Metropolitan of Cetinje

Sava Petrović (Сава Петровић; 18 January 1702 – 9 March 1782) was the Metropolitan of Cetinje between 1735 and 1781, ruling what is known in historiography as the Prince-Bishopric of Montenegro; the polity in the hands of the Petrović-Njegoš dynasty. He succeeded his relative Danilo I as Metropolitan in 1735, having served as Danilo's coadjutor since the 1719, when he was consecrated by Serbian Patriarch Mojsije I.

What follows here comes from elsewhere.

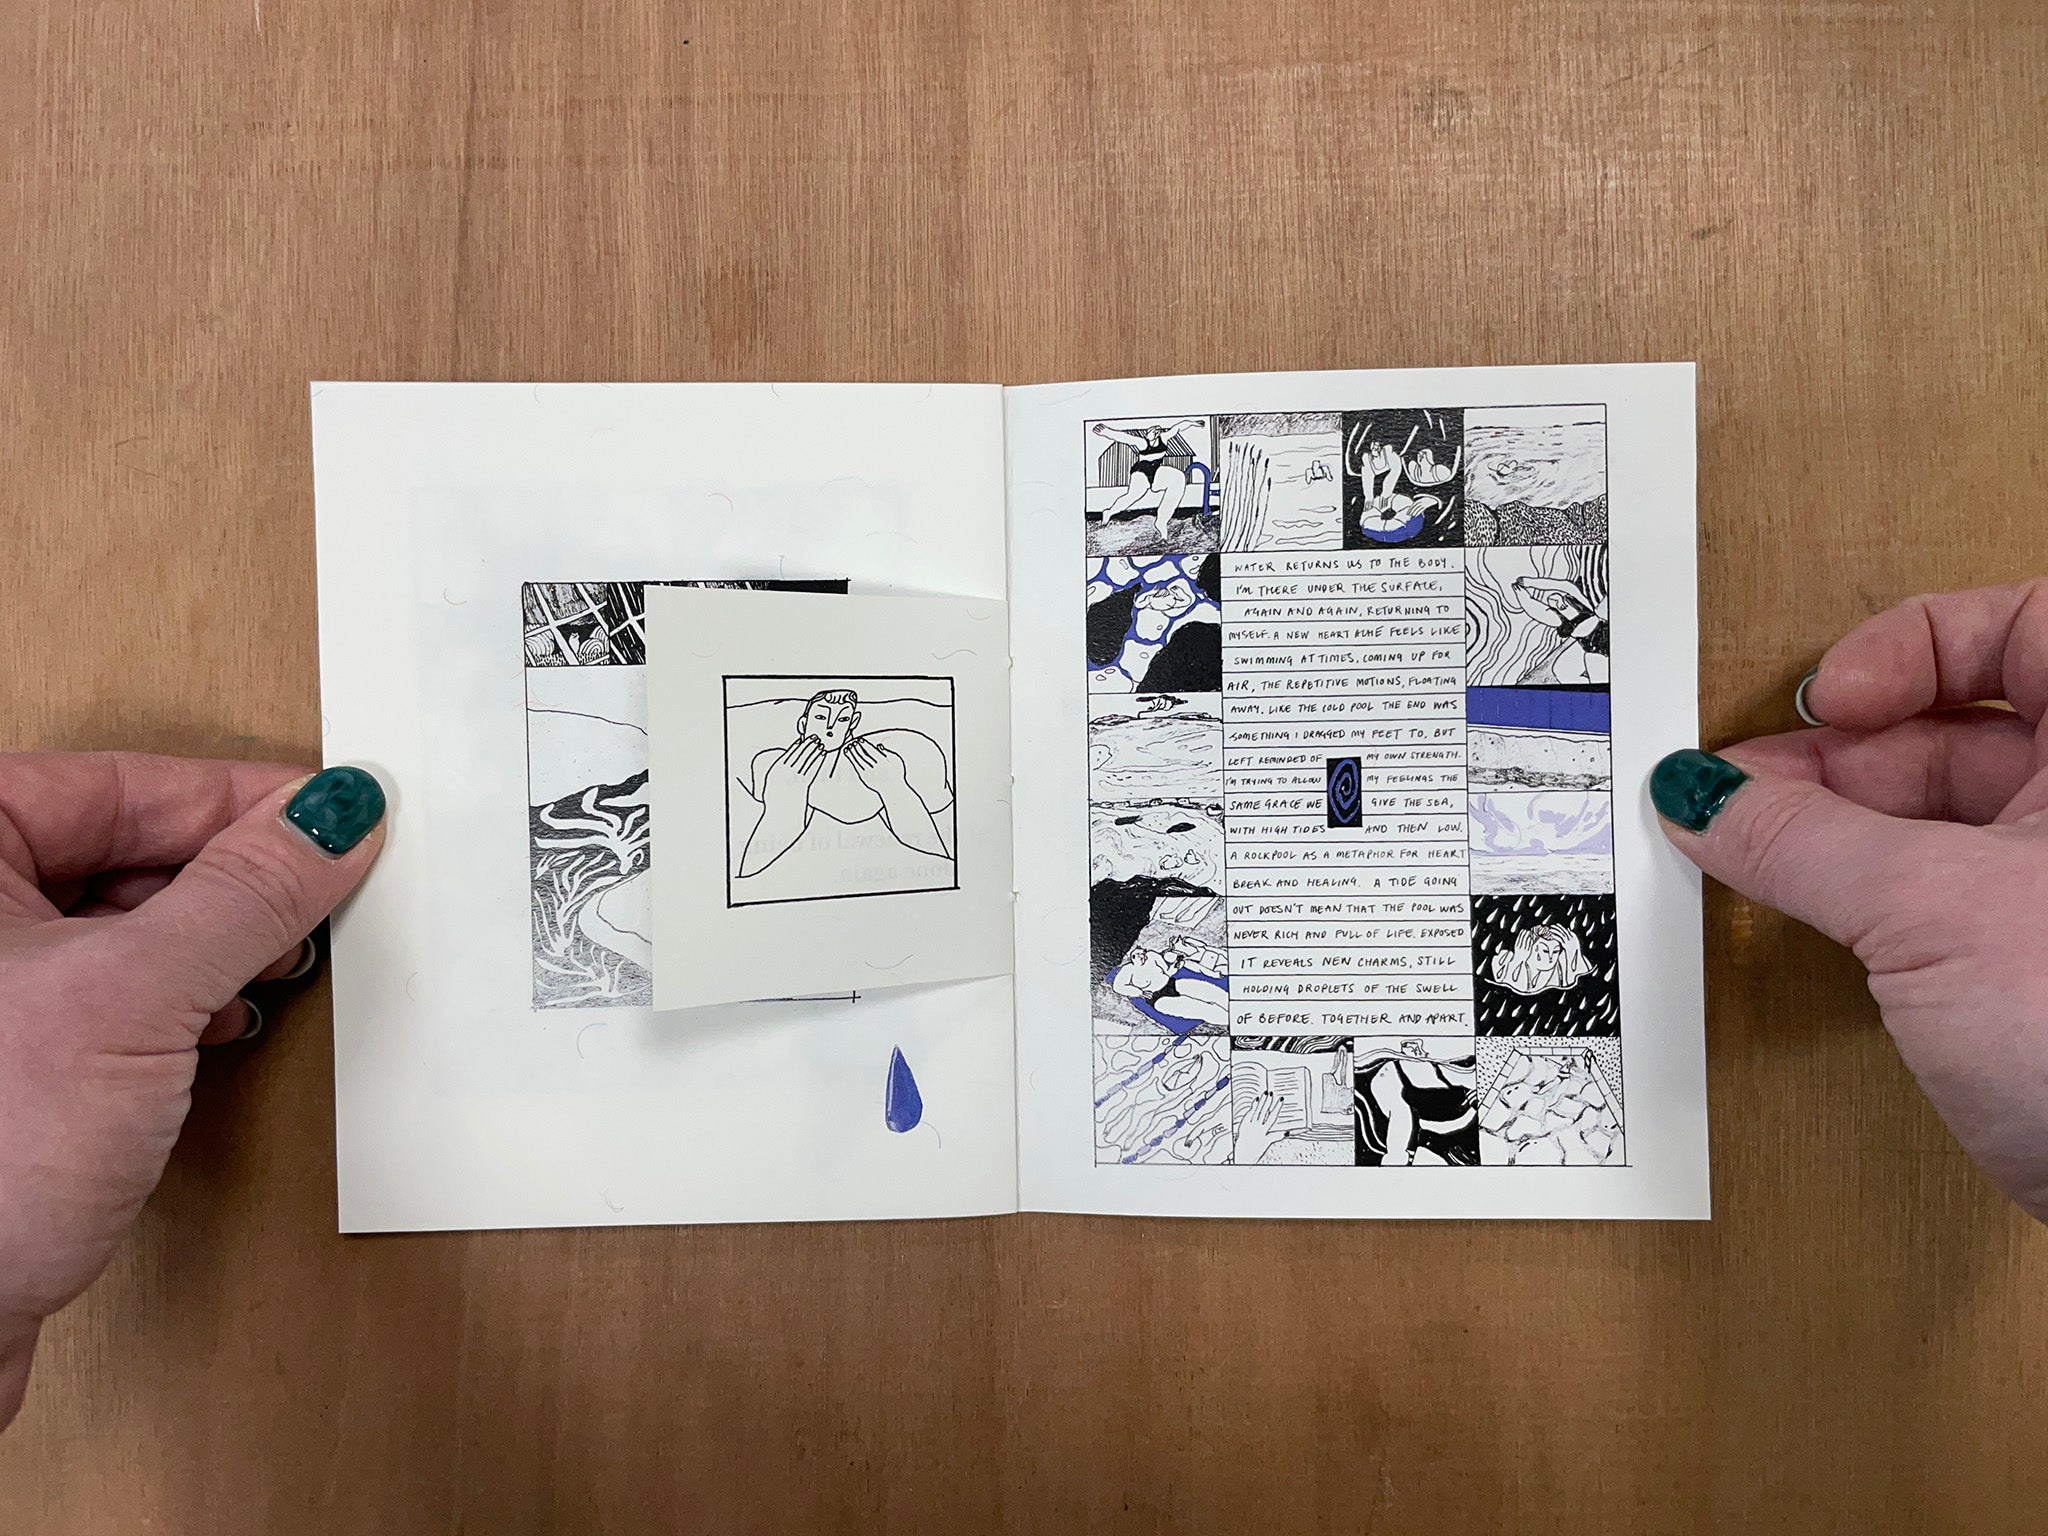 DRAWINGS FROM THE SEA by Lily Clementine Orset

Sava was a lesser memorable figure in Montenegrin history, having served during a period of constant and bitter tribal rivalries and power struggles in tribal leadership.

==History==
In 1735 Sava officially became the Metropolitan (vladika, rendered as "prince-bishop") of Cetinje, succeeding Danilo I. He was a contemplative man and not as energetic as his predecessor, and sought to cultivate good relations with both Venice and Russia. That year, a new war broke out between Russia and the Ottoman Empire, with Austria on Russia's side. Tribesmen from Montenegro welcomed this as they saw an opportunity for their struggle for independence. Hajduk (bandit and rebel) activity increased as a result. Sava continued to seek some sort of appeasement with Venice, a policy that suited his conservative nature. His goal was securing more open borders for Montenegro, which was already suffering under blockades imposed by its invading Western and Eastern neighbors on all sides.

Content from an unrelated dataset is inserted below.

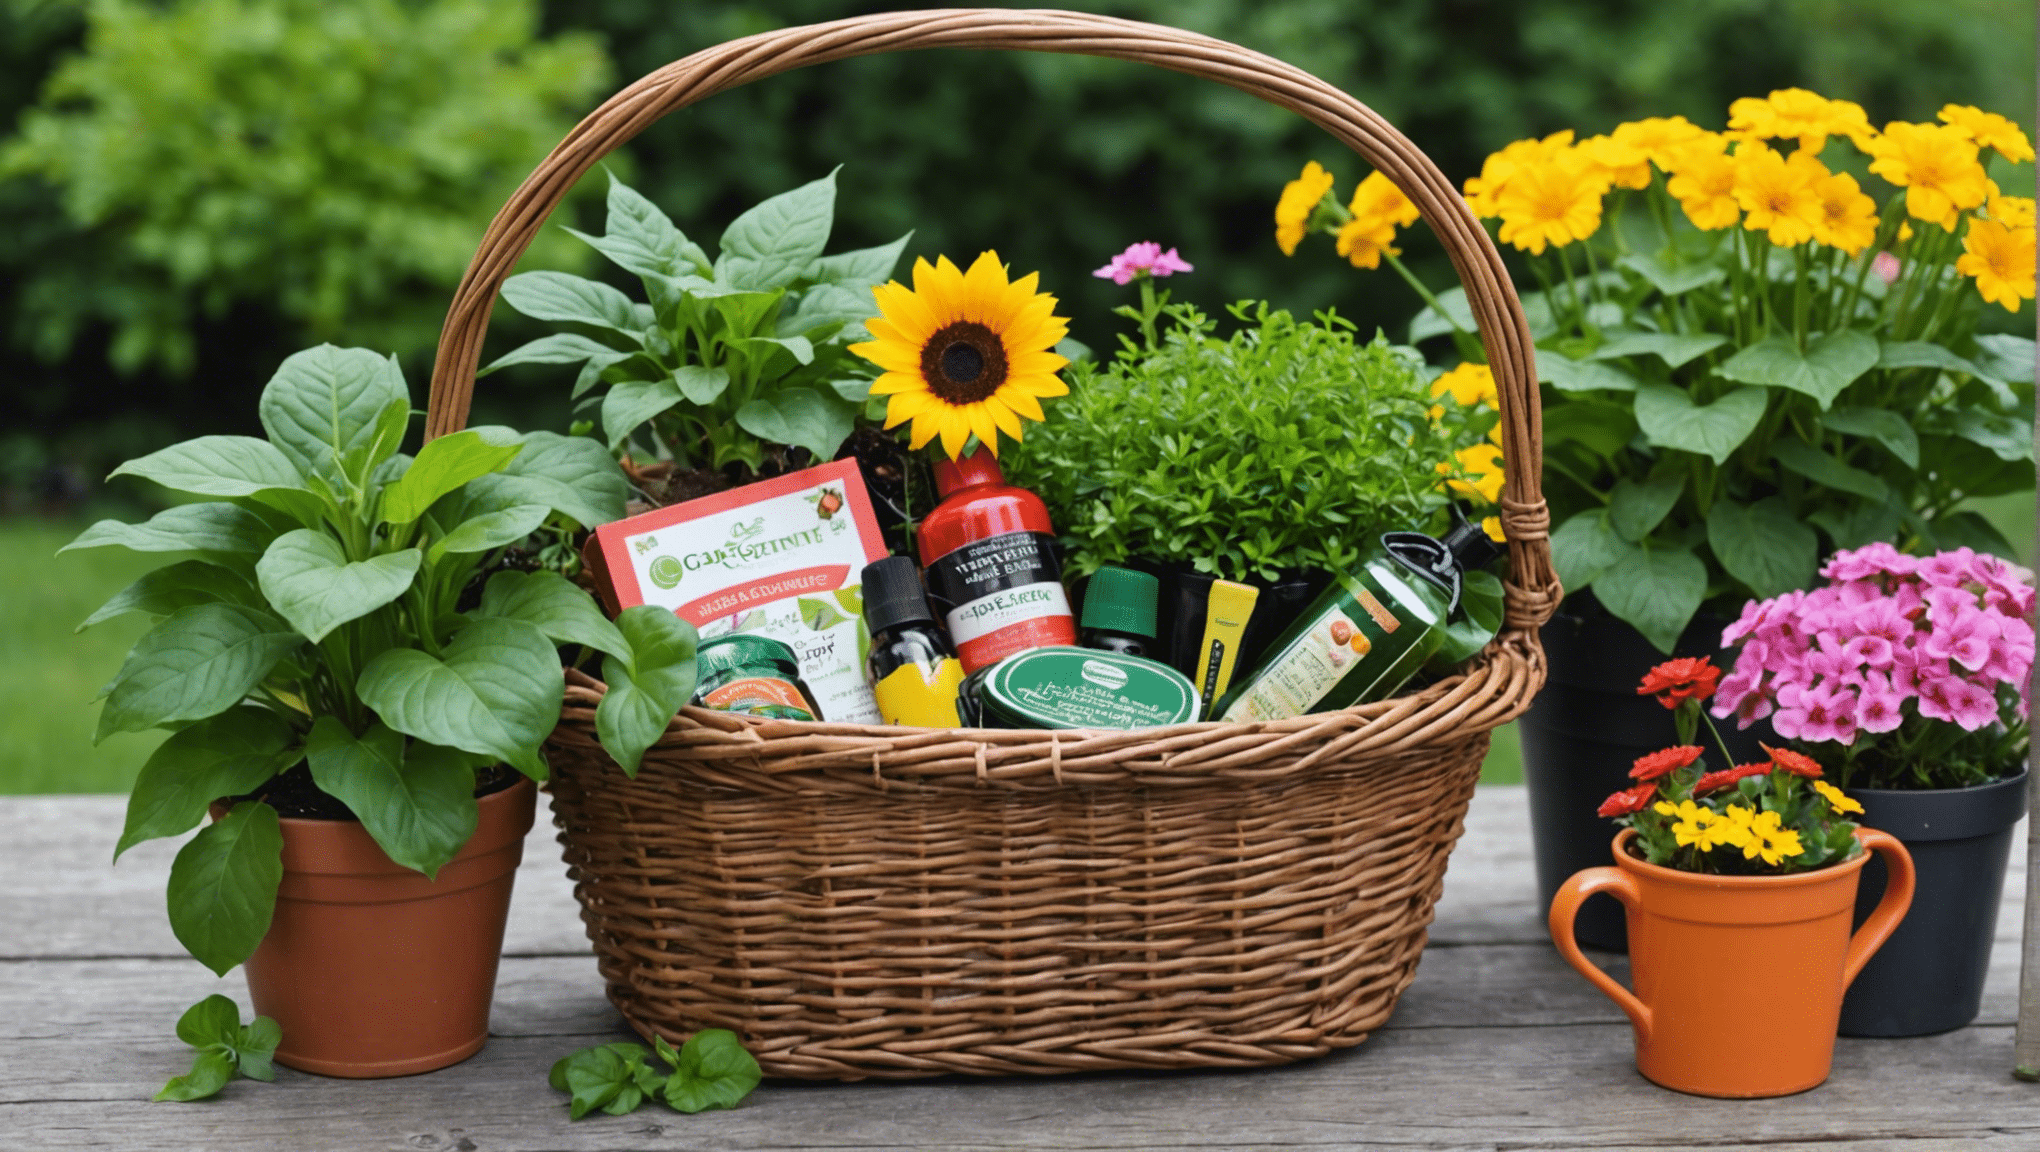 discover unique and creative diy gardening gift basket ideas to delight any gardening enthusiast. find inspiration for thoughtful and personalized gifts.

By October 1739 the Austrians had been forced to sign the Treaty of Belgrade which saw the Kingdom of Serbia (including Belgrade), the southern part of the Banat of Temeswar and northern Bosnia to be ceded to the Ottomans (these were mostly gains in the wars of 1714–1718). In Montenegro, the pattern of raids and counter-attacks continued unabated with Highlander tribes (in Brda) taking the brunt of Ottomans reprisals. In 1740, Highlander tribes sent forty of their chieftains to negotiate with representatives of the new Pasha of Scutari who appeared to be set on an offensive that would make resistance futile. They wound up captured and decapitated, and another 400 of their compatriots taken into slavery on the orders of the Paša himself.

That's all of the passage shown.